- [Raw data]
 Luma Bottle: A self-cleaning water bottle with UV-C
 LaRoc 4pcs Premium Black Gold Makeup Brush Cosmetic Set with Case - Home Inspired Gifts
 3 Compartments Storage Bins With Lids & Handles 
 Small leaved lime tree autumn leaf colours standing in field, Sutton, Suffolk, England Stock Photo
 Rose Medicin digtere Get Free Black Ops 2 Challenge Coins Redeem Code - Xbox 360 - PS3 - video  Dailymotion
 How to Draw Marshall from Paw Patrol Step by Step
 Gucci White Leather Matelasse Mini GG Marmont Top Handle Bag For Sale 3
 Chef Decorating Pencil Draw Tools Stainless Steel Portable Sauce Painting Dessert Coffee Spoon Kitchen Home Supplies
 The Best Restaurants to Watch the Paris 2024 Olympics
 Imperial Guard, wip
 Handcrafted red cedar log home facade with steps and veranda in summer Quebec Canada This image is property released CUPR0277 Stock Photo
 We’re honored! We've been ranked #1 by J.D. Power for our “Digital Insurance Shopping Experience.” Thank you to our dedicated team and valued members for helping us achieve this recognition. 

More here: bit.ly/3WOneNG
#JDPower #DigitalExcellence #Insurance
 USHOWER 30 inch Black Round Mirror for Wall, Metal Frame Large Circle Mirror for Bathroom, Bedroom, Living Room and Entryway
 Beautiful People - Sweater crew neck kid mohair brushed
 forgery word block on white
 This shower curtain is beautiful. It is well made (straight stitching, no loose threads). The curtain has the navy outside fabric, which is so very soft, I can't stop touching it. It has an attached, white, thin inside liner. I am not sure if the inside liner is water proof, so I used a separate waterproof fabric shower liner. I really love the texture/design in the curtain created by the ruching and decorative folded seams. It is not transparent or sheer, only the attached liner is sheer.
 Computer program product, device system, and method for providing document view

- [To do] Restate word for word only the lines above from the line containing "LaRoc 4pcs Premium" to the line containing "How to Draw", both of them included.

- [Response box]
 LaRoc 4pcs Premium Black Gold Makeup Brush Cosmetic Set with Case - Home Inspired Gifts
 3 Compartments Storage Bins With Lids & Handles 
 Small leaved lime tree autumn leaf colours standing in field, Sutton, Suffolk, England Stock Photo
 Rose Medicin digtere Get Free Black Ops 2 Challenge Coins Redeem Code - Xbox 360 - PS3 - video  Dailymotion
 How to Draw Marshall from Paw Patrol Step by Step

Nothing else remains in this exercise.